Medicinal Chemistry and Drug Design

Biography

Biography: Shimon Ben-Shabat

Abstract

Phospholipase A2 (PLA2) expression/activity is significantly elevated in inflamed intestinal tissue in inflammatory bowel disease (IBD), Crohn’s disease and ulcerative colitis. PLA2 hydrolyses the sn-2 fatty acyl bond of phospholipids (PL) liberating a fattyacid and a lysophospholipid. By replacing the sn-2 positioned fatty-acid with a drug, PLA2 may be exploited as a prodrug activating enzyme, liberating the free drug from the PL-complex. Therefore, orally delivered PL-based prodrugs will release the free drug at the inflamed sites, effectively targeting the regions of intestinal inflammation. We have utilized a modern computational approach to simulate the PLA2-mediated activation using the candidate drug, and to predict the most appropriate linker length. We have synthesized PL-diclofenac conjugates and shown in-vitro activation of these synthesized conjugates by isolated bee venom PLA2 and conditioned medium from inflamed Caco-2 cell line. We showed that depending on the linker length between the PL and diclofenac, PLA2 could be exploited as the activating enzyme in-vitro, liberating the free diclofenac from the PL complex. We have compared the computational calculations to our experimental data, and obtained excellent correlation between the in-silico predictions and the in-vitro experiments. The proposed research may significantly improve drug therapy in IBD patients, enabling higher efficacy and lower toxicity profiles.

Recent Publications

1. A Dahan, S Ben-Shabat, N Cohen, S Keinan, I Kurnikov, A Aponick, E M Zimmermann (2016) Phospholipid-based prodrugs for drug targeting in inflammatory bowel disease: Computational optimization and in-vitro correlation. Curr. Top. Med. Chem. 16: 2543-8.
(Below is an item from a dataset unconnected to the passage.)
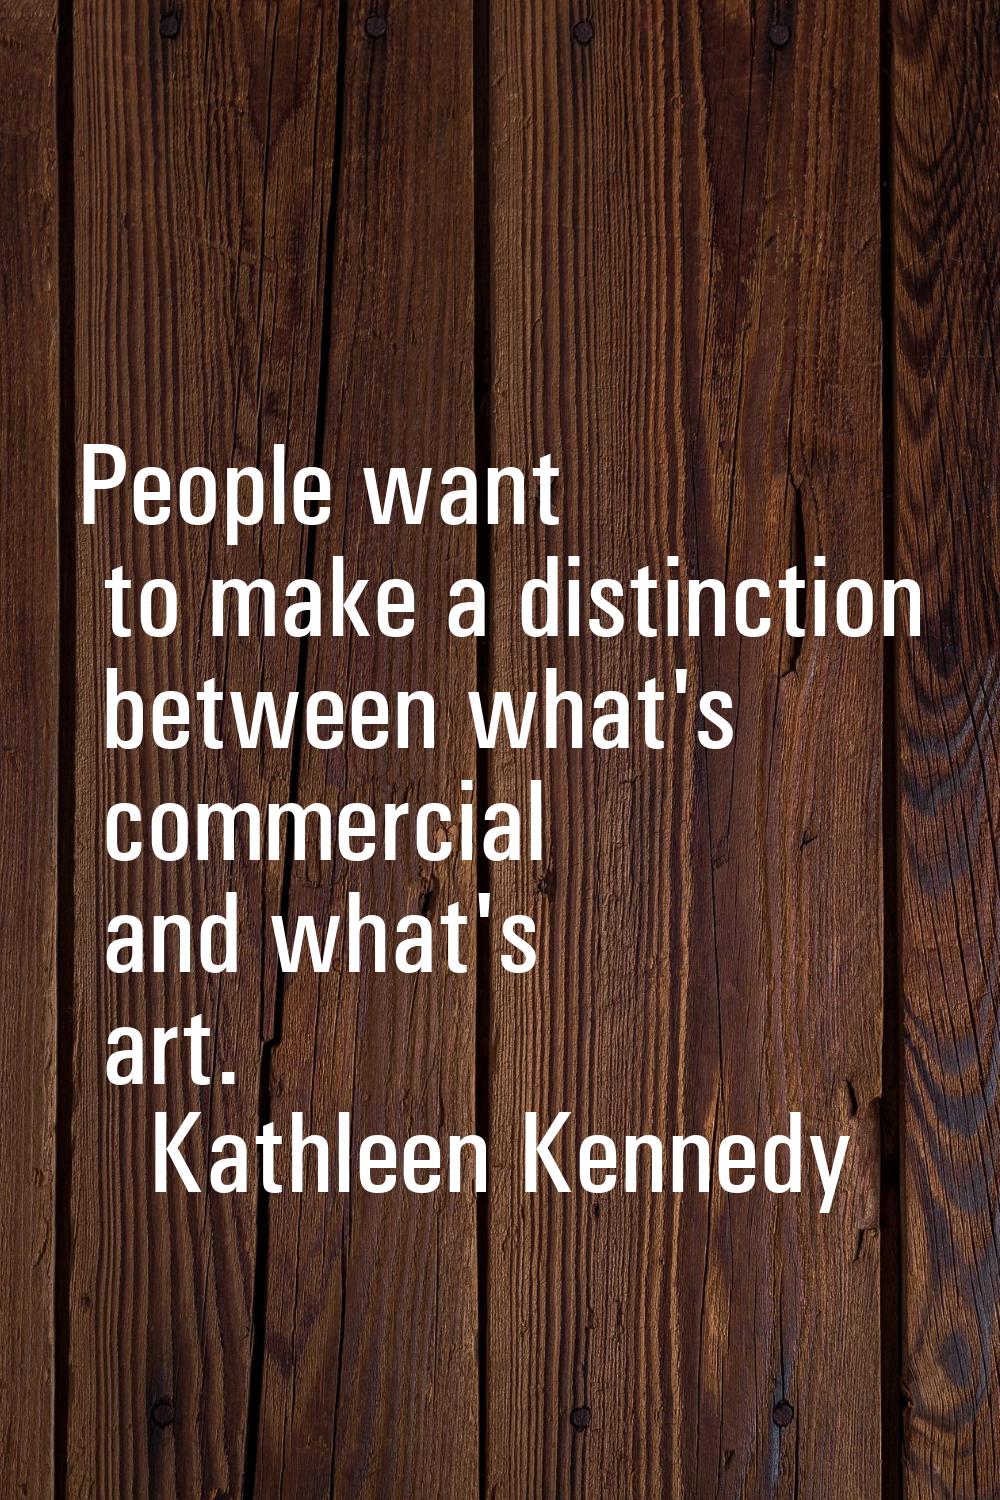 People want to make a distinction between what's commercial and what's art.

2. A Dahan, E Zimmermann, S Ben-Shabat (2014) Modern prodrug design for targeted oral drug delivery. Molecules 19: 16489-16505.

3. Wolk, S Epstein, V Ioffe-Dahan, S Ben-Shabat, A Dahan (2013) New targeting strategies in drug therapy of inflammatory bowel disease: Mechanistic approaches and opportunities, Expert Opin. Drug Deliv. 10: 1275-1286.

4. A Dahan, G L Amidon, E M Zimmermann (2010) Drug targeting strategies for the treatment of inflammatory bowel disease: A mechanistic update. Expert Rev. Clin. Immunol. 6: 543-550.

5. A Dahan, R Duvdevani, E Dvir, A Elmann, A Hoffman (2007) A novel mechanism for oral controlled release of drugs by continuous degradation of a phospholipid prodrug along the intestine: In-vivo and in-vitro evaluation of an indomethacin-lecithin conjugate. J. Control Release 119: 86-93.